TASK DETAILS:
In your copy of the listing below, reproduce each word exactly and include no pictures.

DATASET SECTION:
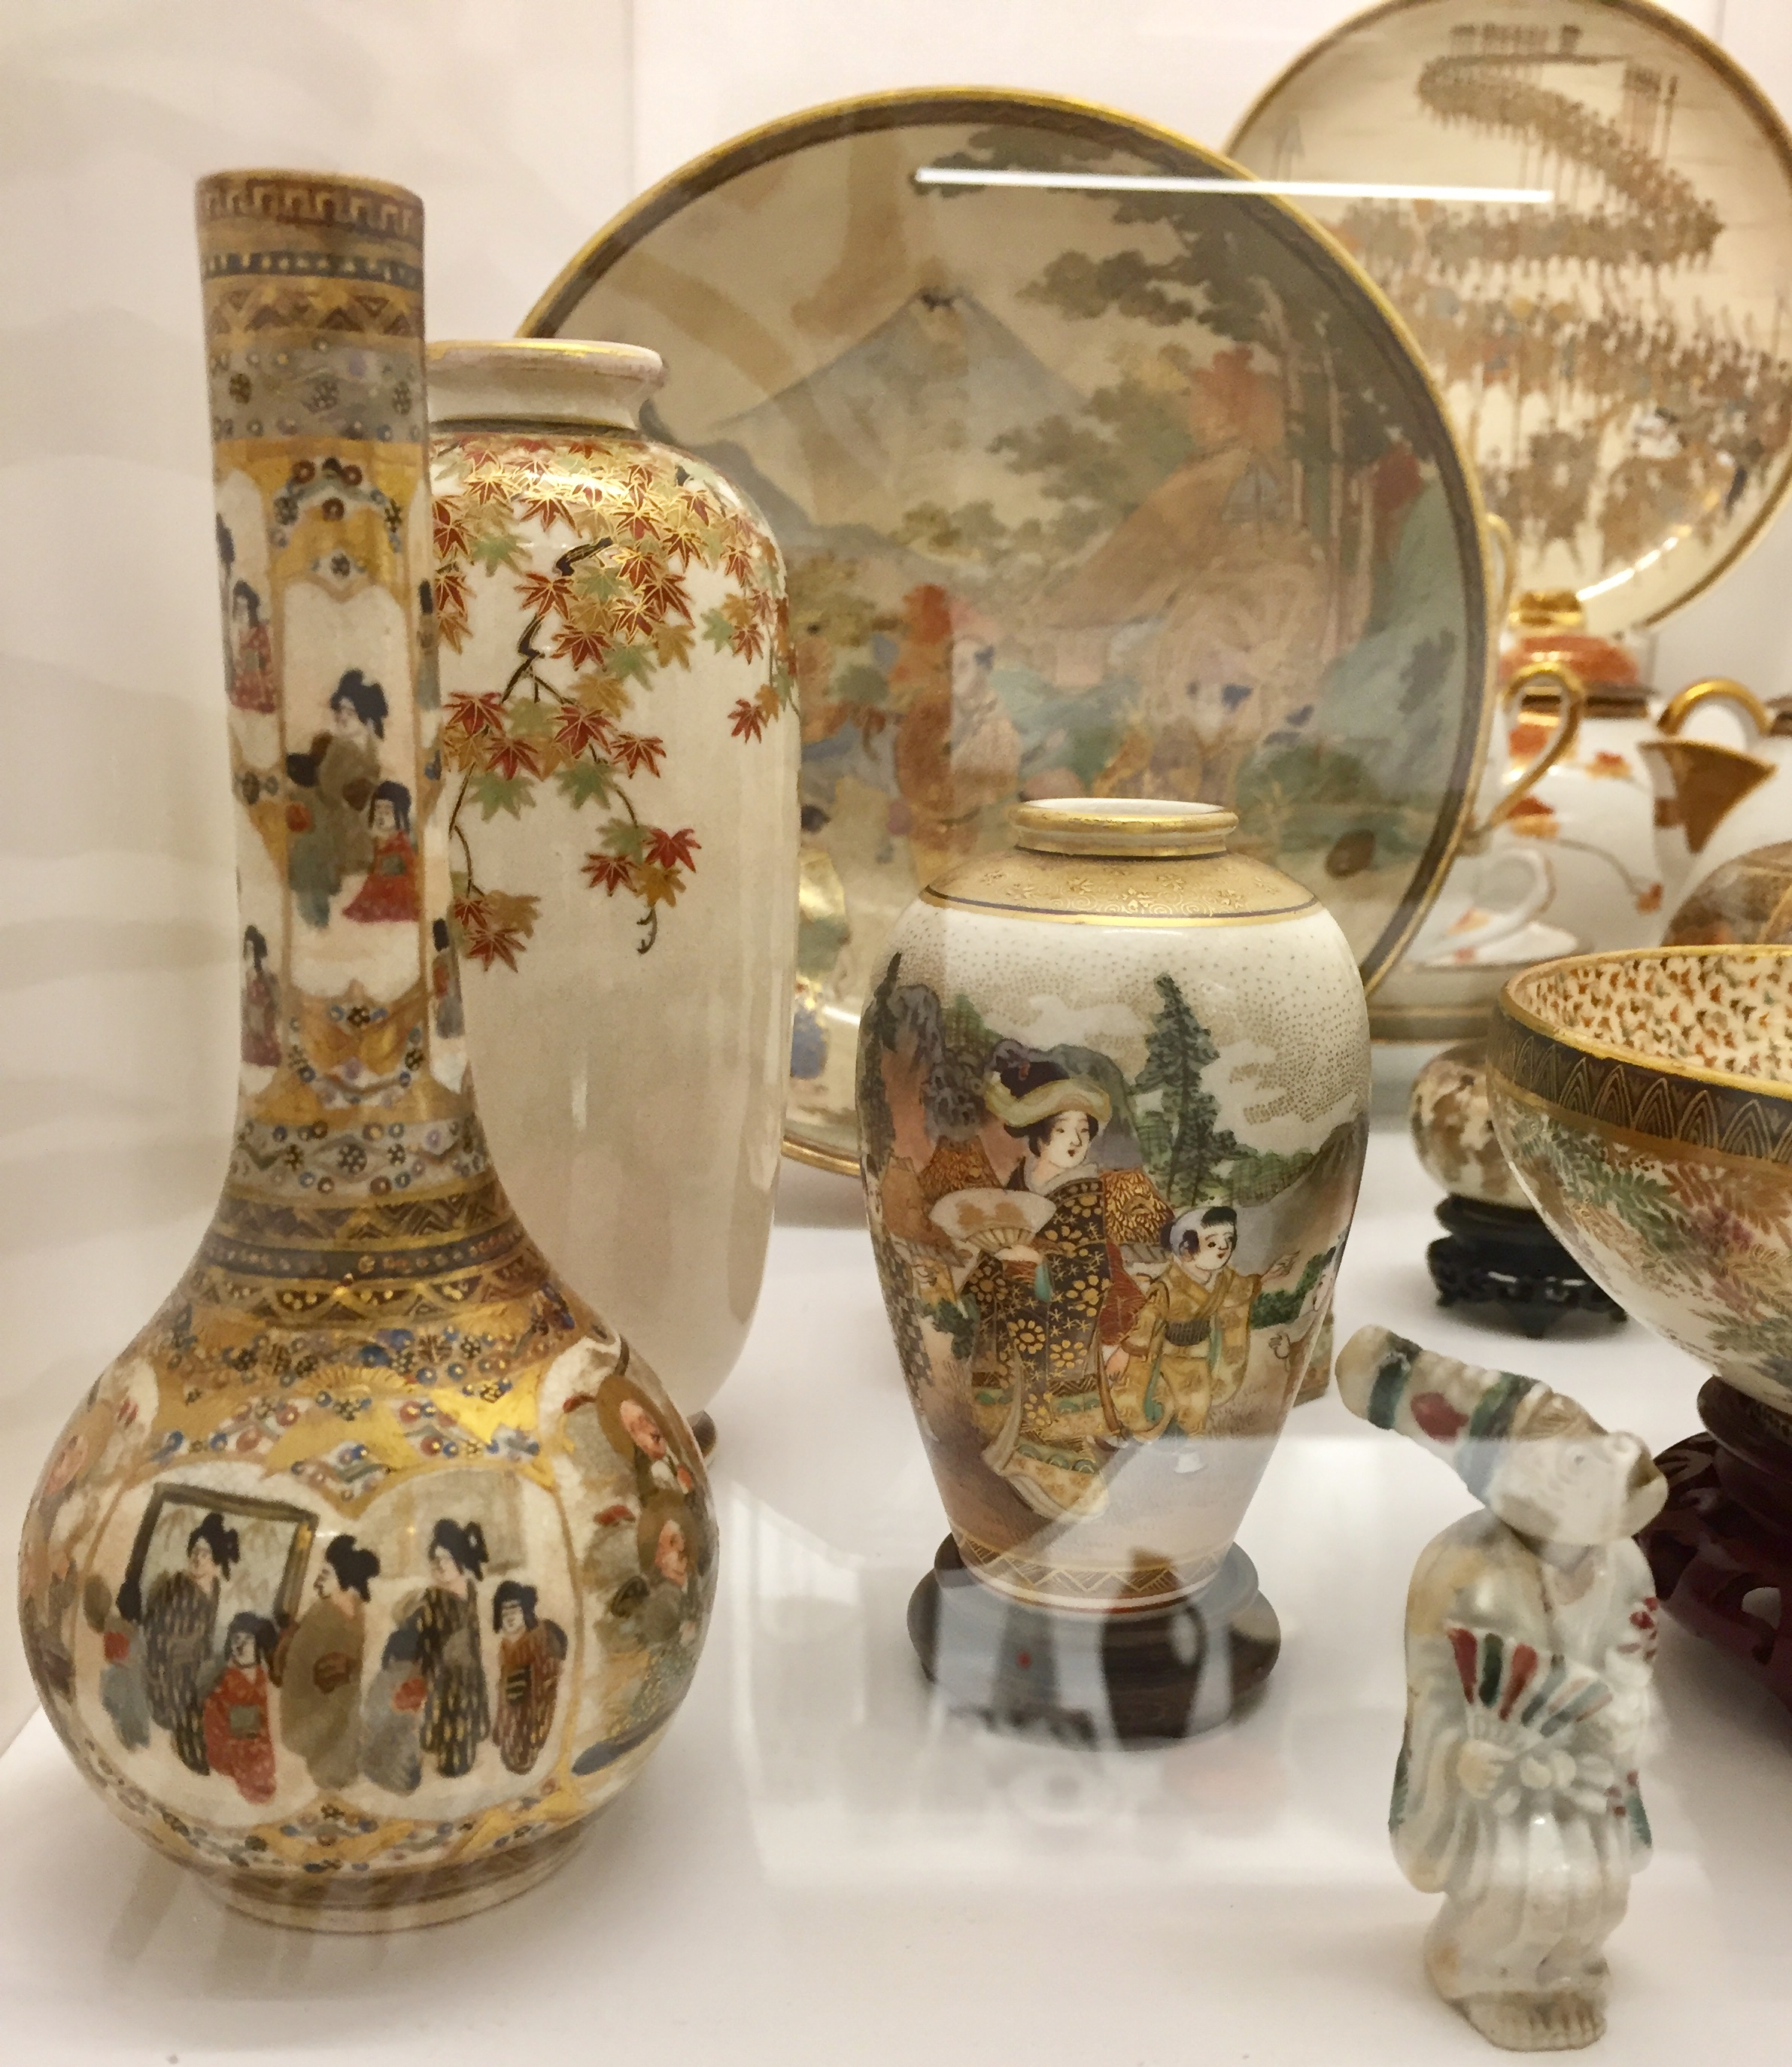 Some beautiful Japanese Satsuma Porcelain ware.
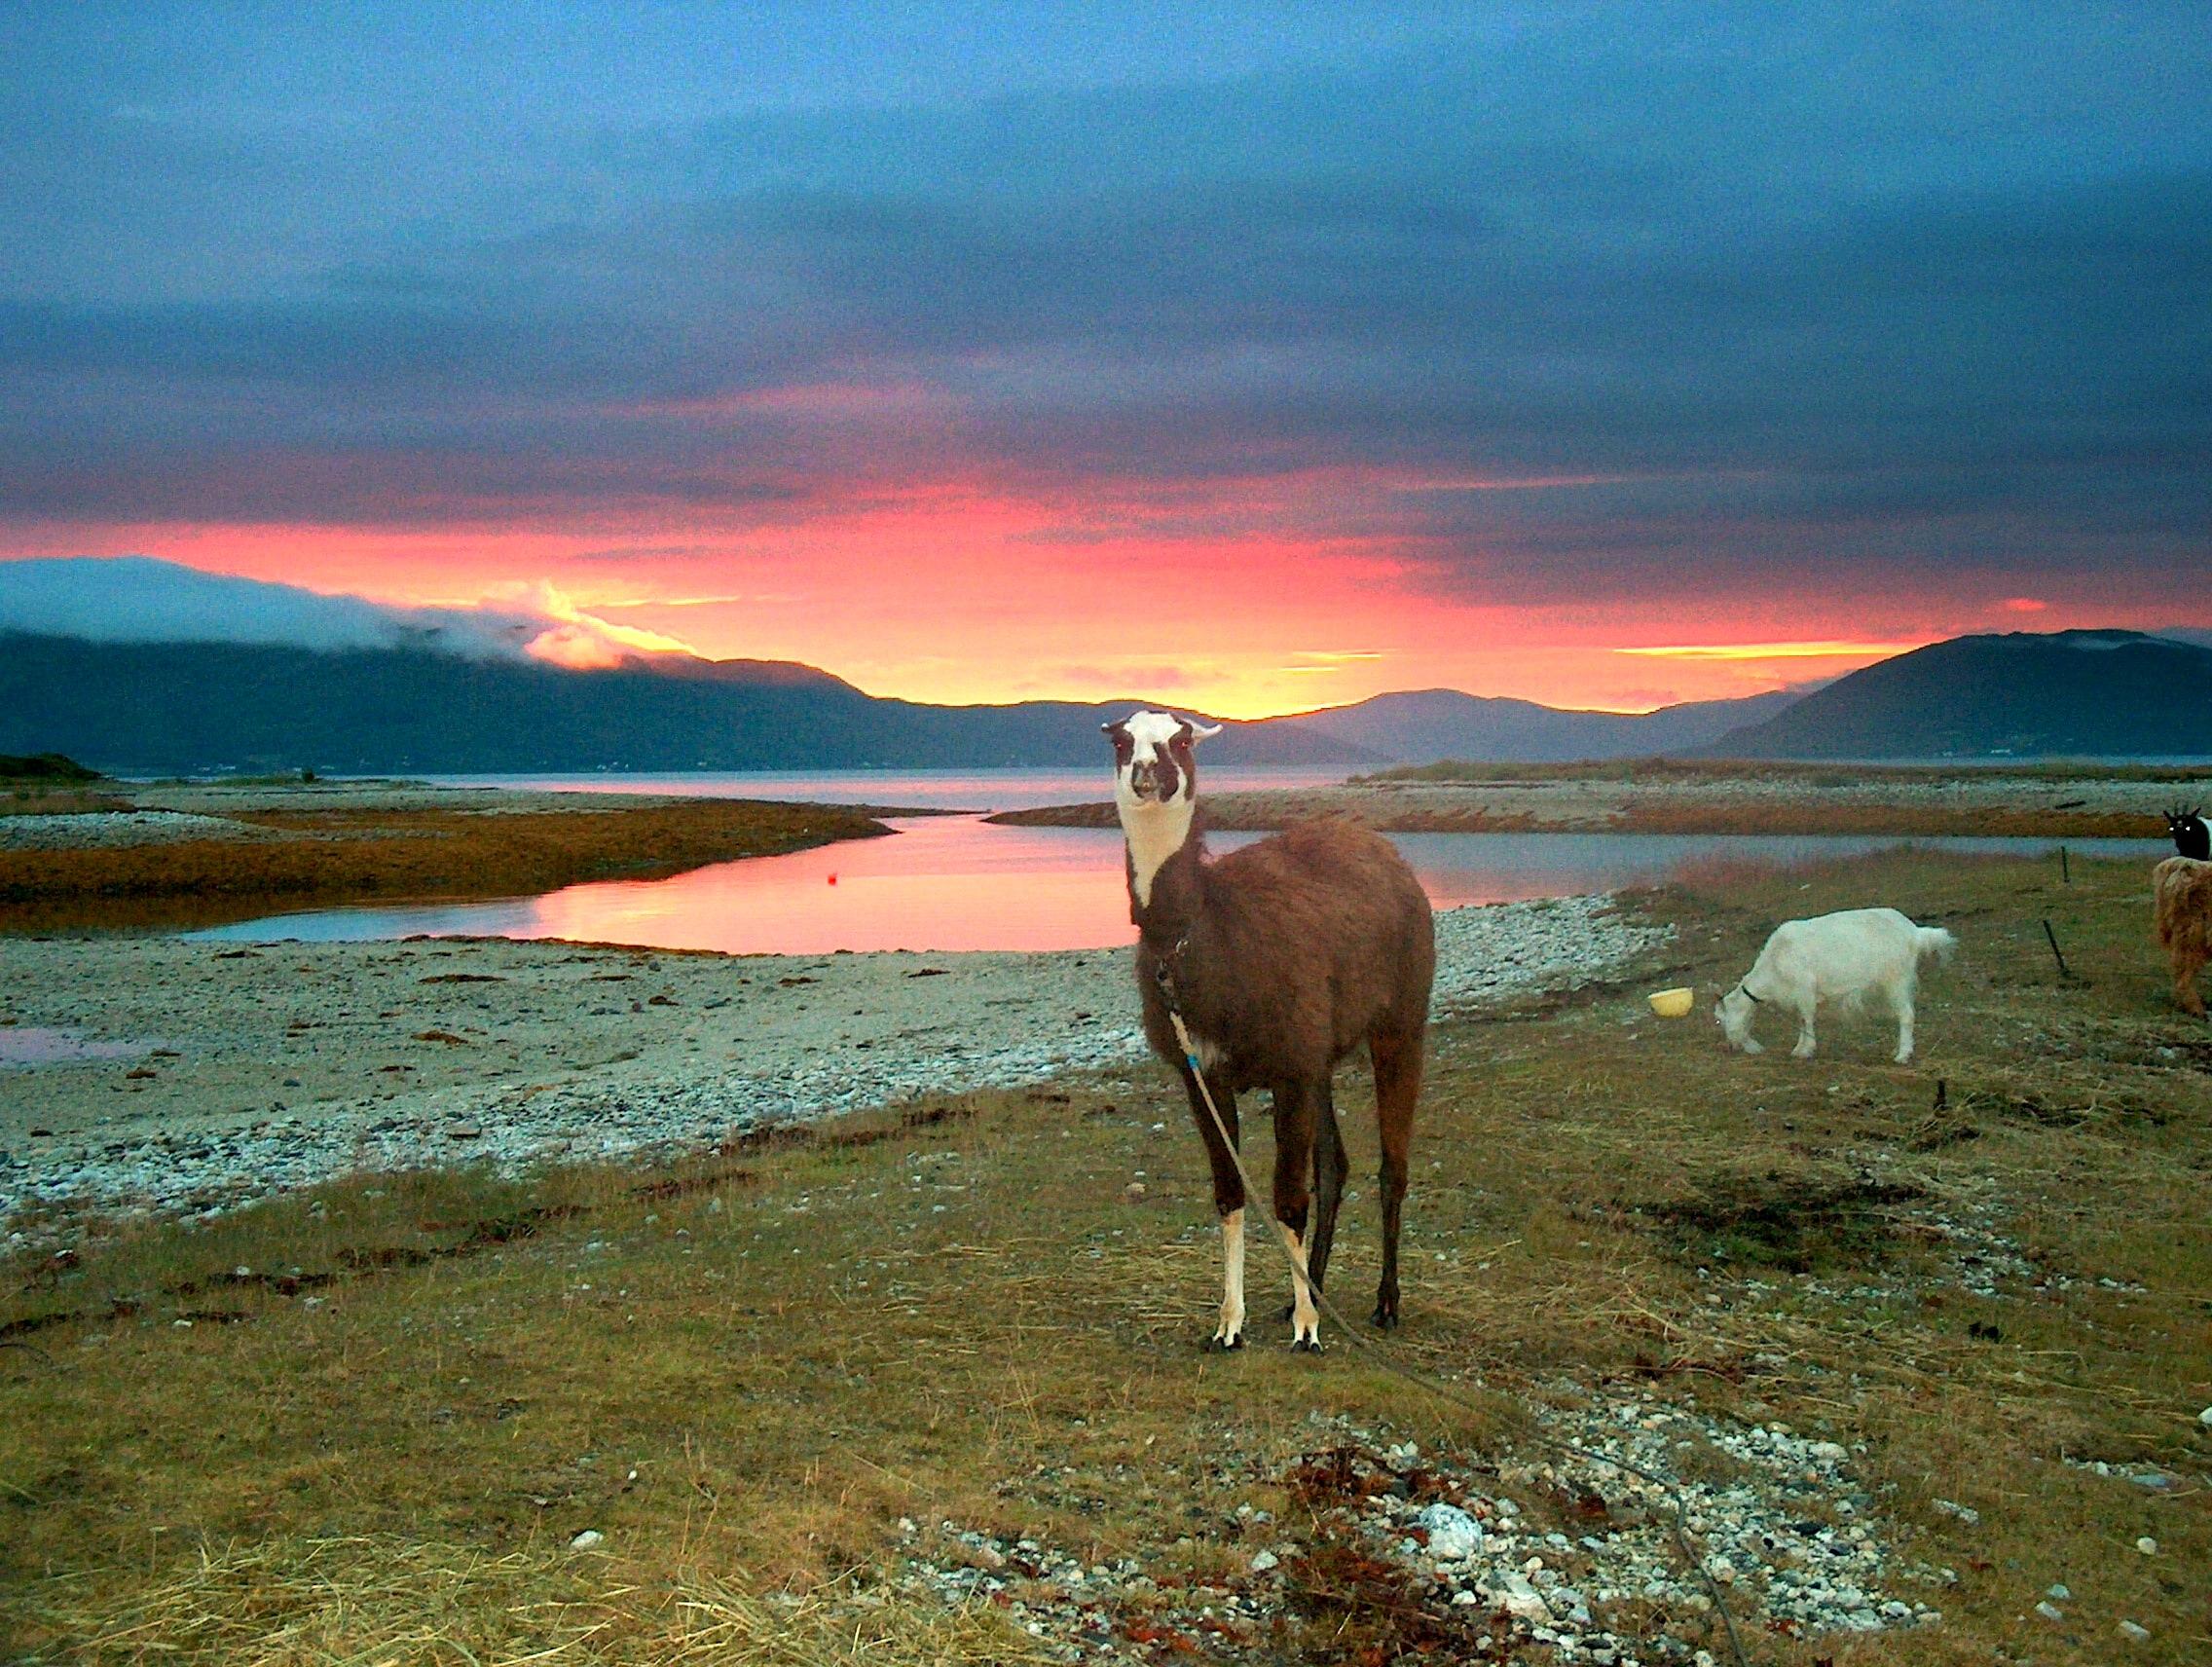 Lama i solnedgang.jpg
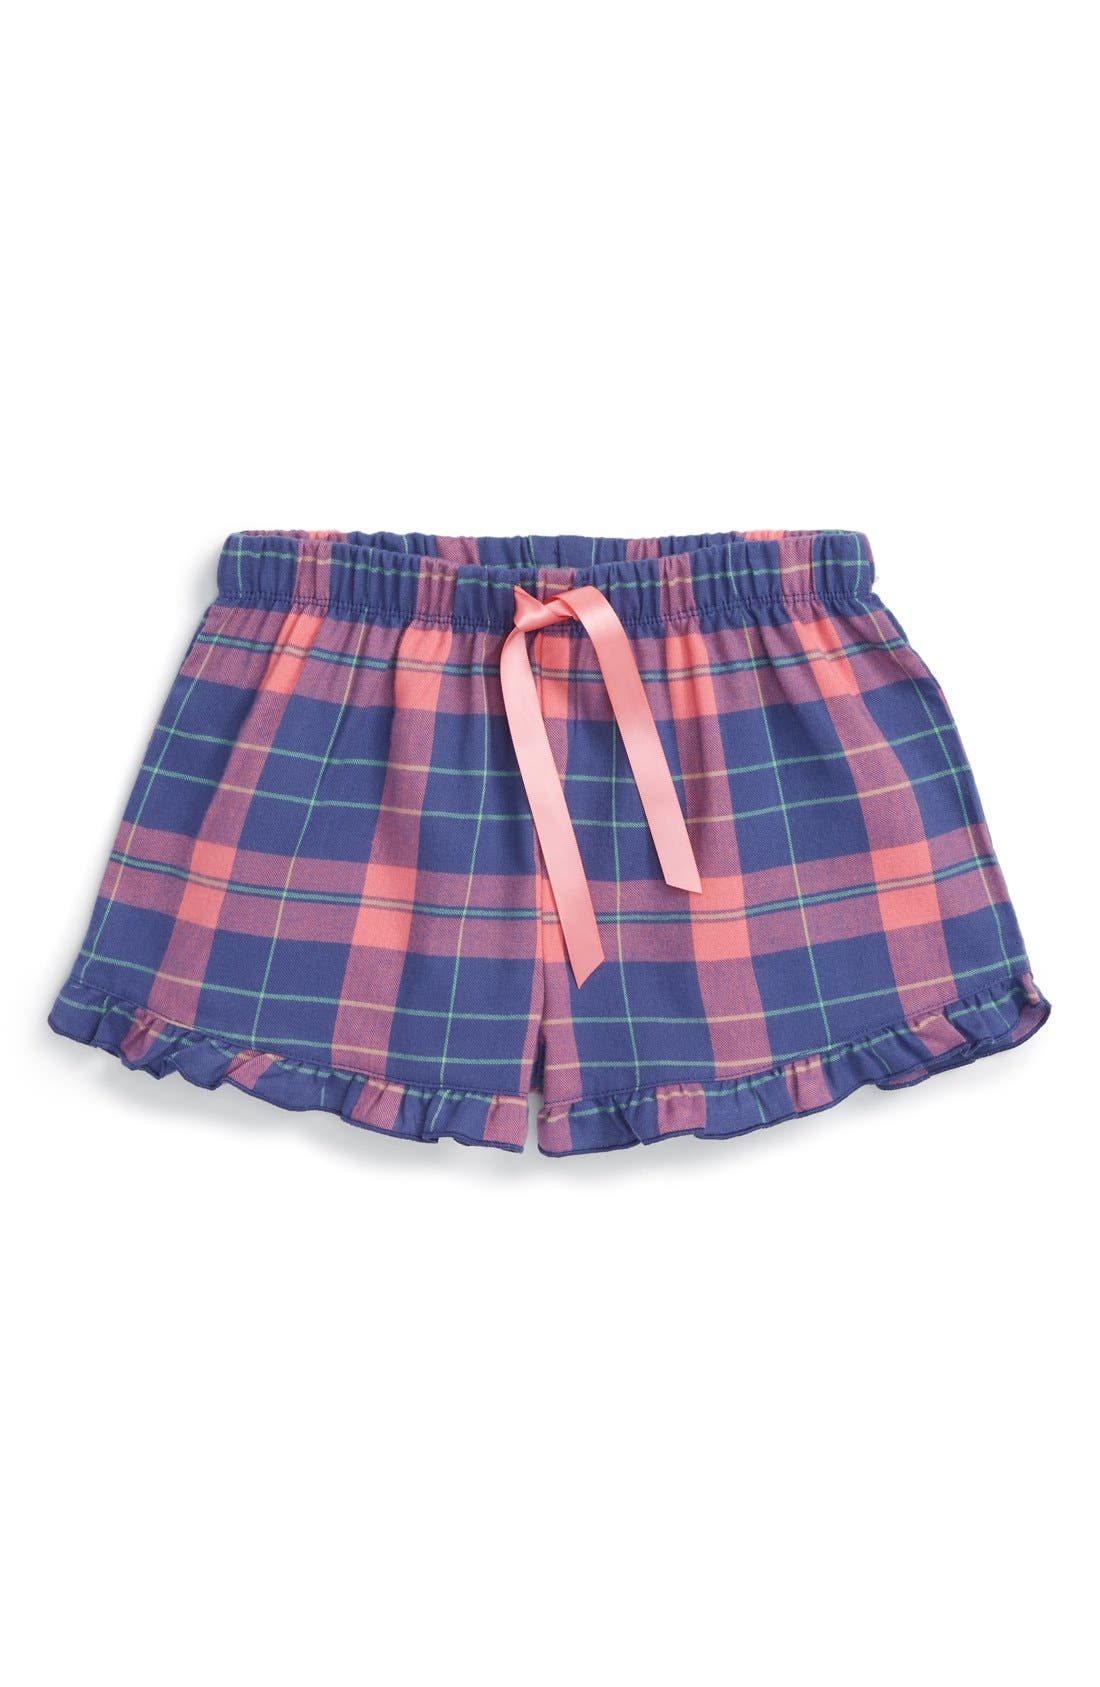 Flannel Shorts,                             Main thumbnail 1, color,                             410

COMPLETED TASK:
 Some beautiful Japanese Satsuma Porcelain ware.
 Lama i solnedgang.jpg
 Flannel Shorts,                             Main thumbnail 1, color,                             410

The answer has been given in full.